The third line demonstrates the way the first two began to come together toward the end of the century to produce a distinctive liberal climate for theology. This line is dominated by Albert Schweitzer (1875-1965), but just began his carrer at the even end of the century. Johannes Weiss (1863-1814). William Werde (1859-1906), Martin Kahler (1835-1913) Ernst Troeltsch (1865-1923) (Troelstch would turn out to be the teacher of Paul Tillich). By the end of the century a vast aray of skeptical style theology had been produced, with theolgoians and Bible scholars more skeptical of the validity of the Bible than any atheists every thought about being.Most of what we see on the net, with skeptical boards like the Secular Web are rehashes of arguments raised by ministers and Bible scholars from this era. The emphasis was upon de-mythologizeing the Bible. Chrstainity was seen primarly as an ethical pltform, or a social organization deciated to helping society make a better world.


Liberal Theology in the 20th Century


Until the end of World War I liberal theology proceeded as it had done in the previous century. The first world war changed everything. Liberal theology had become an ivory tower pursuit with nothing to say tot he common man. Suddenly Europe found itself in a crushing war, thousands dying everyday, a whole generation slaughtered on the battle. Massive dissolutionment set in as no one found liberal theology comforting. Karl Barth arose with a new take on theology which came to be called "Neo-Orthodox." Barth was a liberal Calvinist, he understood the Bible not as the word of God but containing the word of God. He under revelation through a dialectic between the reader and the text. Thus theology was infused with divine comfort in the face of over whelming tragedy. Liberal theology responded after the war by seeking out the existential roots in Christian thought. Theology in that century, before the second world war, was dominated by two major camps, Bartian neo-Orthodoxy, and Bualtmannian existentialism (led by Rudolph Bultmann). Paul Tillich and Reinhold Niebuhr (as well as his verbose brother H. Richard) would be major champions in the existential camp. This basic division held throughout the rest of the century, but in the 1960s it began to change tremendously.

Theology in the sixties was very exciting. This was the era when liberal theology came into its own. The major event that put liberal theology front and center was the conference called "Vatican II" held in the early 60s. The Church reformed many aspects of its liturgy modernizing itself both in cosmetic appeal and theology. It adopted a position of ecumenism allowing for the salvation of those outside the catholic or even Christian camps. It took most of the Latin out of its Mass, allowed the use of native instruments such as guitar, nuns began wearing civilian clothes and so on. In the field (Latin America) even more radical steps were taken. Priests began joining revolutions and fighting for social change. Some Priests even took up arms and joined liberation forces in the mountains.

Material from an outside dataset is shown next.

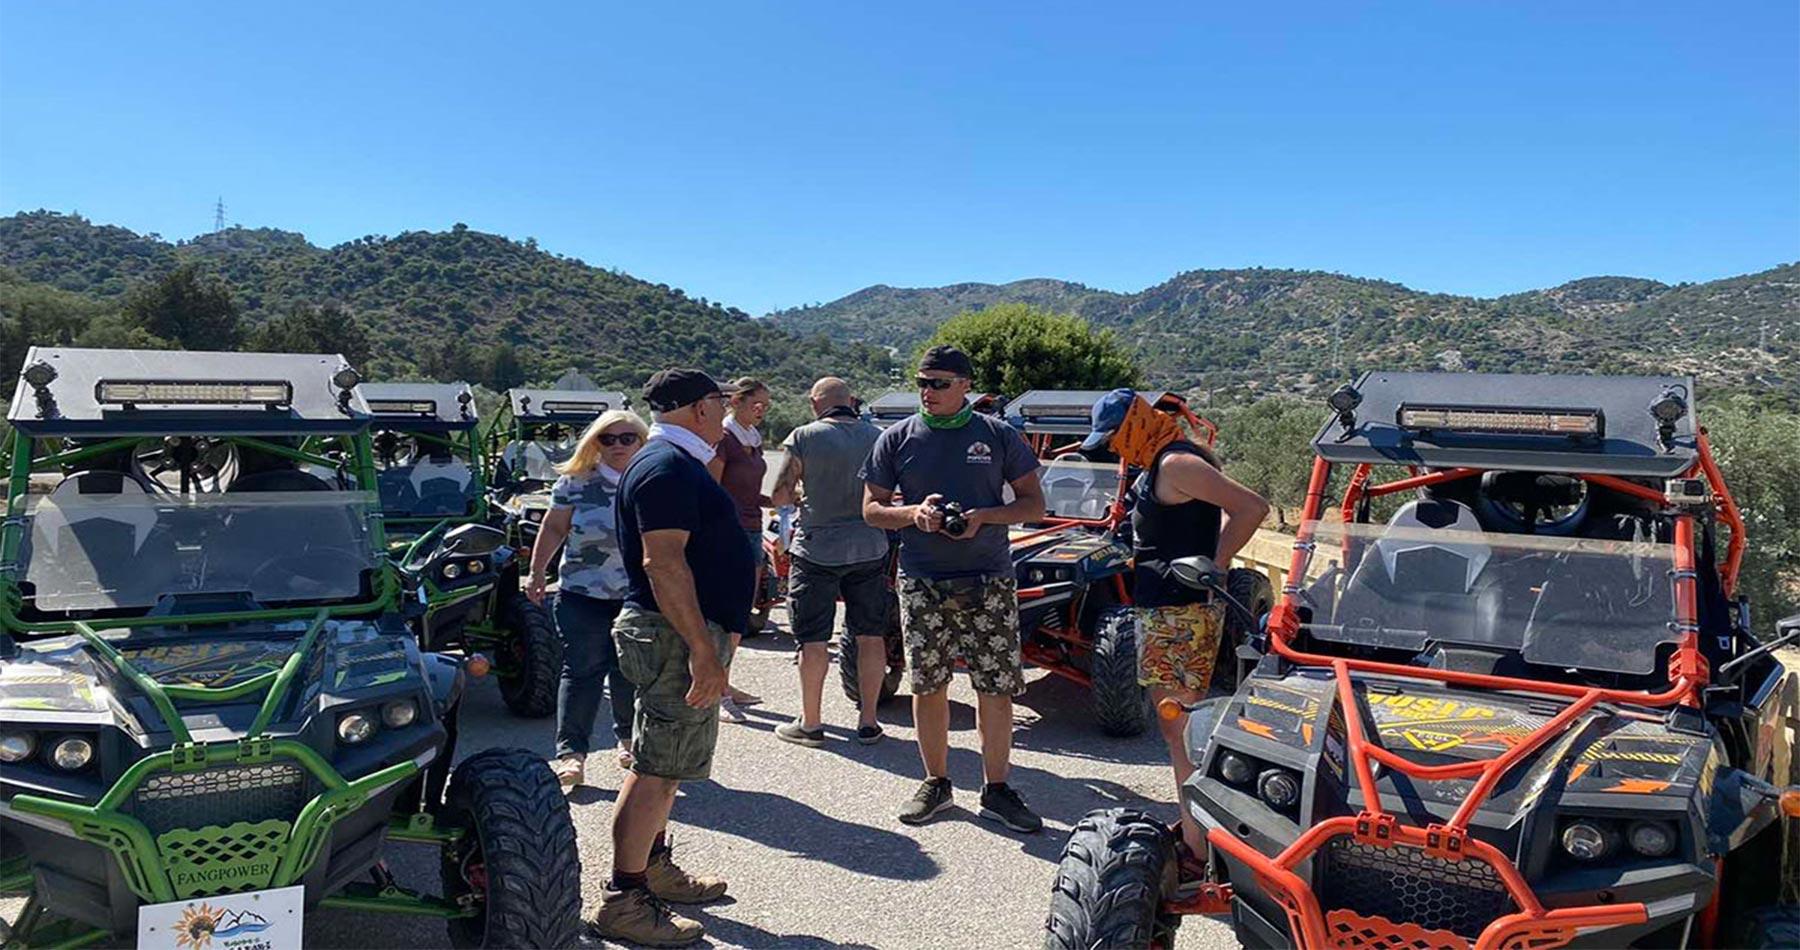 rhodes experience buggy safari 24-1

The first priest to do so was Father Camillio Tores in Columbia. Out of this period a whole movement evolved known as "liberation theology." It swept through Latin America, it was a major force in the U.S. anti-war movement (the Barigan brothers, both priests went to jail for pouring blood on draft records). Martin Luther King Jr. was a liberal theologian. His doctoral dissertation was on Paul Tillich's concept of God as Being itself. The whole civil rights movement was infused with Christian participation and leadership (such as the Southern Christian Leadership Conference) and this fed into the anti-war movement and contributed to the popularity of liberation theology.

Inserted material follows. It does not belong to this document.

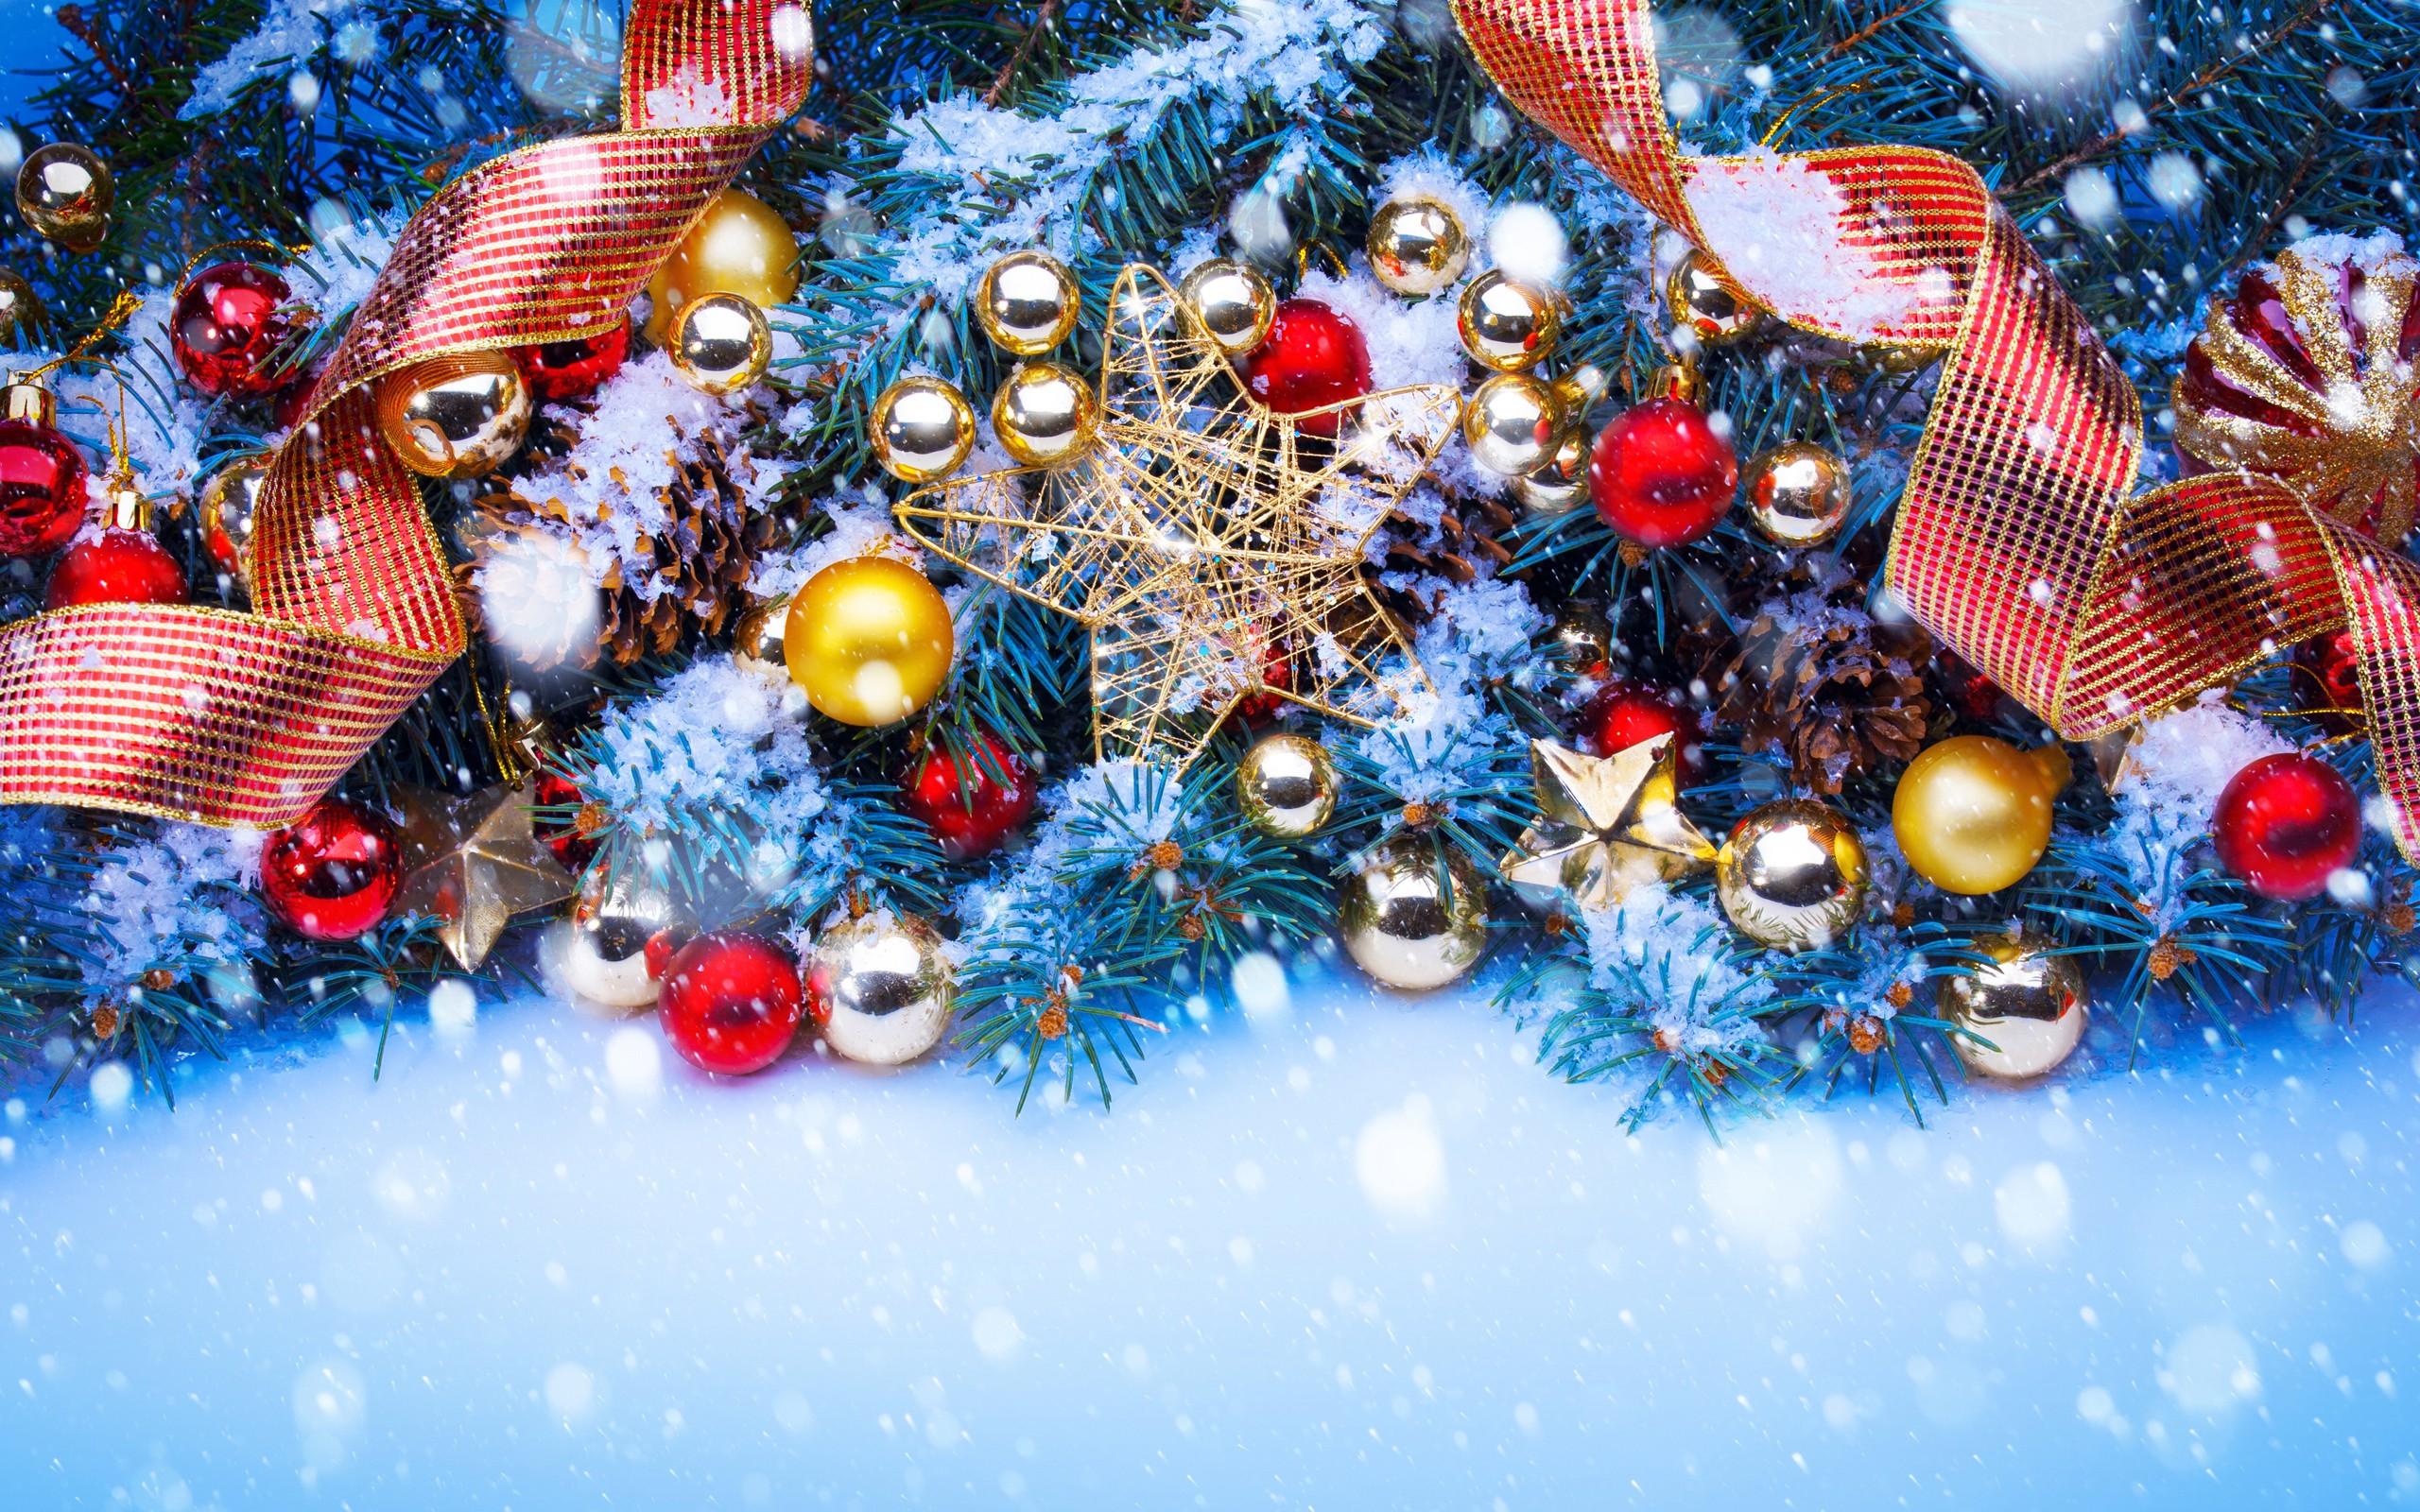 Wallpaper Snow Winter Blue Christmas Tree Christmas Ornaments

Soon Feminist theology followed, just as Feminism grew out of the civil rights and anti-war movements. New calls for all kinds of theologies were going out all the time. It was a very exciting period of fement. Theology was a battle ground. The popular musical Godspell was written by a theology student at that time and was basically a musical "Gospel according to the hippies" (Godspel = Gospel). The most radical movement of all was the God is dead movement. The major leader was Frederick J.J. Altizer. He argued that God poured himself out in Hegelian dialectic, just as Christ gave up his life on the cross, the God himself poured is very life into his creation giving it (man) the ability to make his own way. The phrase "God is dead" began with Nietzsche who meant by that that modern Western culture had killed the spirit of true reverence for the good by codifying it in a hypocritical institution like the church. Altizer just turned that around into a positive act by God on man's behalf. The movement fragmented, it's core idea was never really understood, the mainstream church reacted very harshly. The net outcome was the liberal church turned its focus to the world. An armay liberal Christian social workers and sociologists went forth to serve the good of humanity, to fight in revolutions, to lead political activism, to fee the hungry and protest war and so forth. Marxism was its chief tool for social analysis.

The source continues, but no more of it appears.